• ASSIGNMENT
Copy the listing that follows exactly. Its pictures do not belong in the copy.

• GIVEN INFORMATION
_ _ _ _
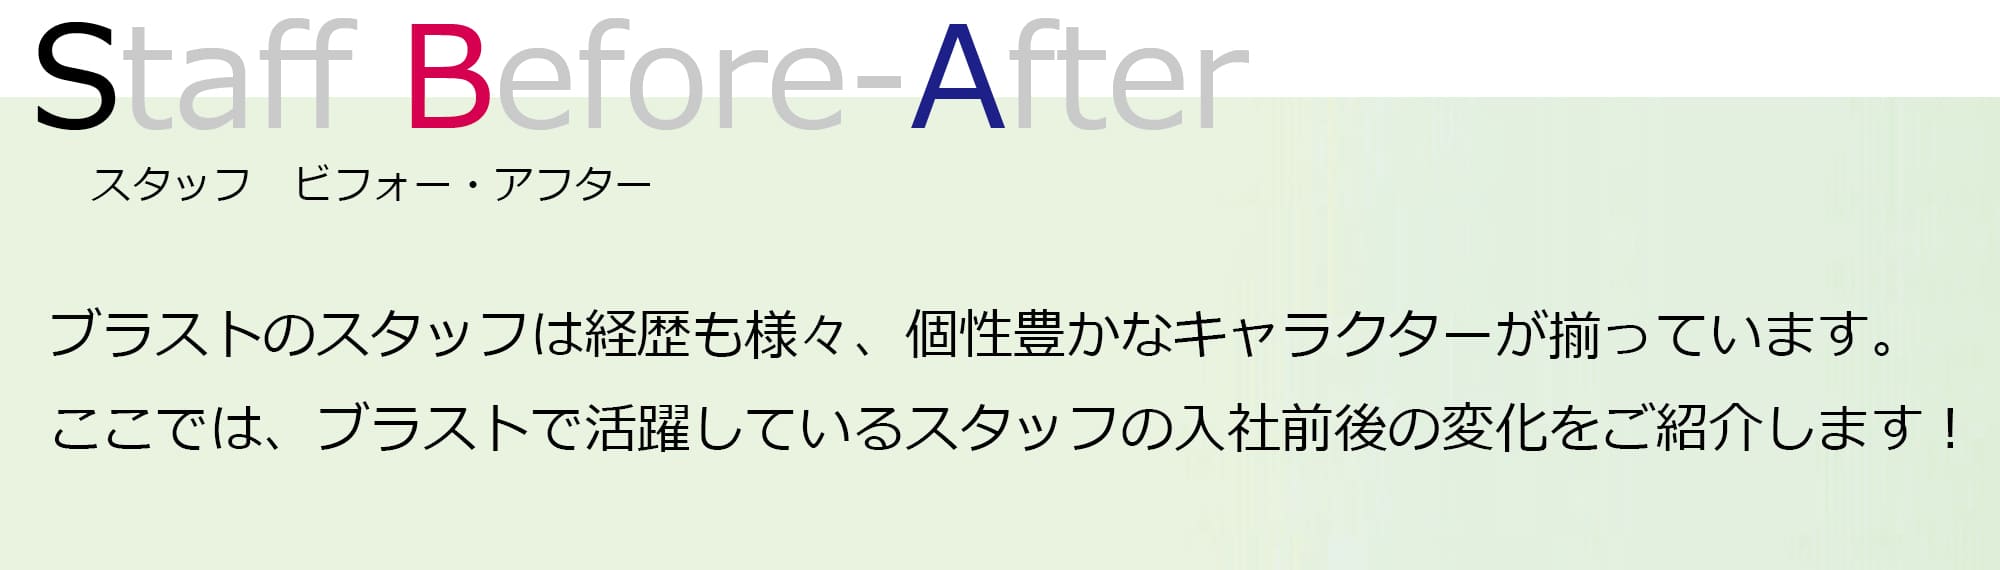 スタッフBefore-After
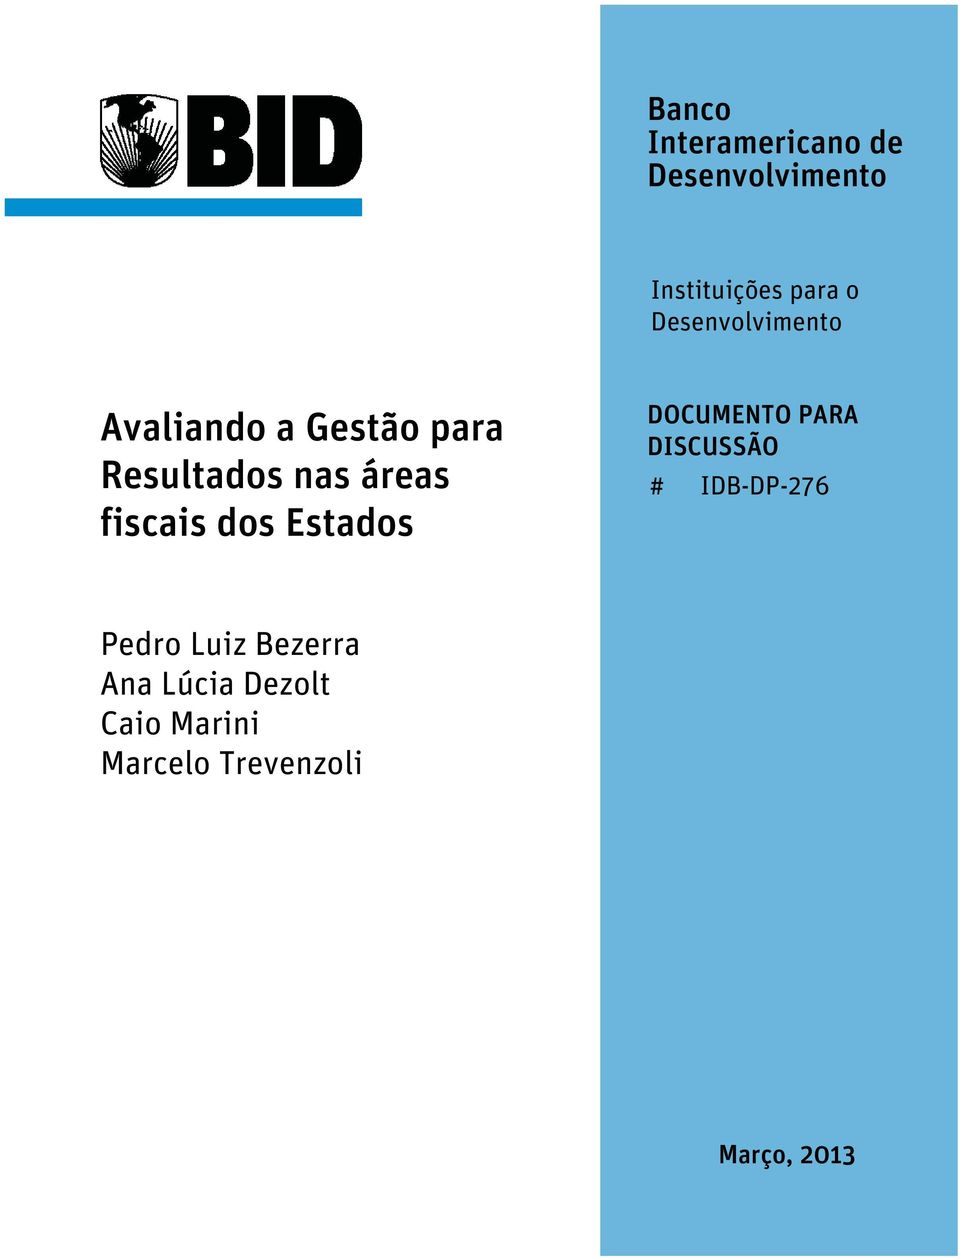 fiscais ds Estads DOCUMENTO PARA DISCUSSÃO # IDB-DP-276
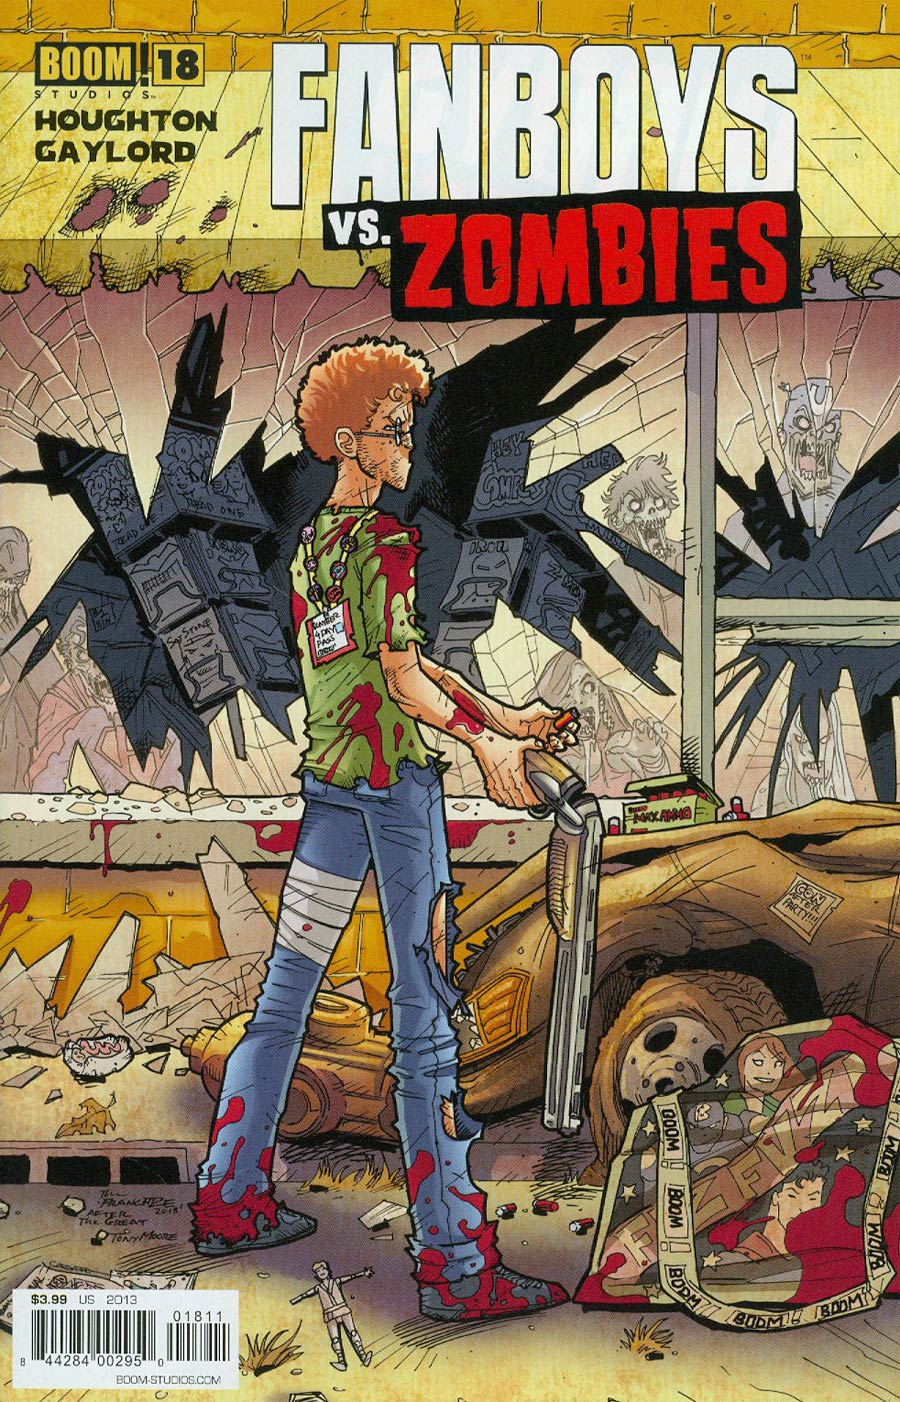 Fanboys vs Zombies #18
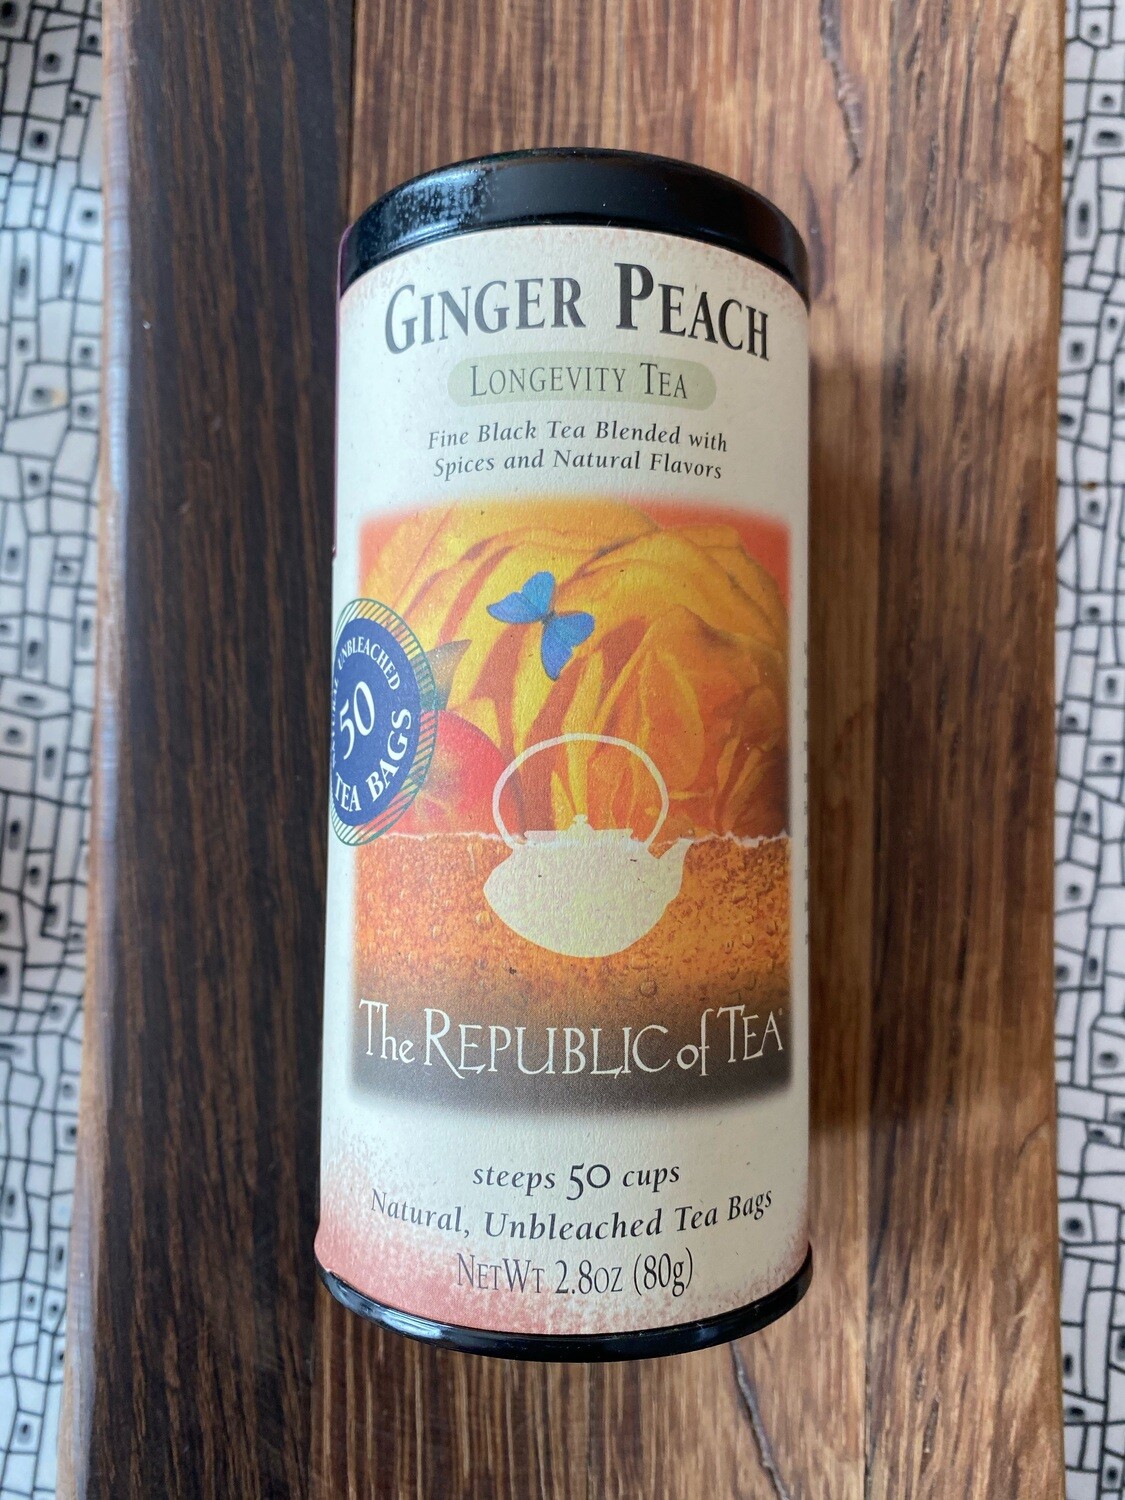 Ginger Peach Tea bags
_ _ _ _
• WRITTEN SOLUTION
 スタッフBefore-After
 fiscais ds Estads DOCUMENTO PARA DISCUSSÃO # IDB-DP-276
 Fanboys vs Zombies #18
 Ginger Peach Tea bags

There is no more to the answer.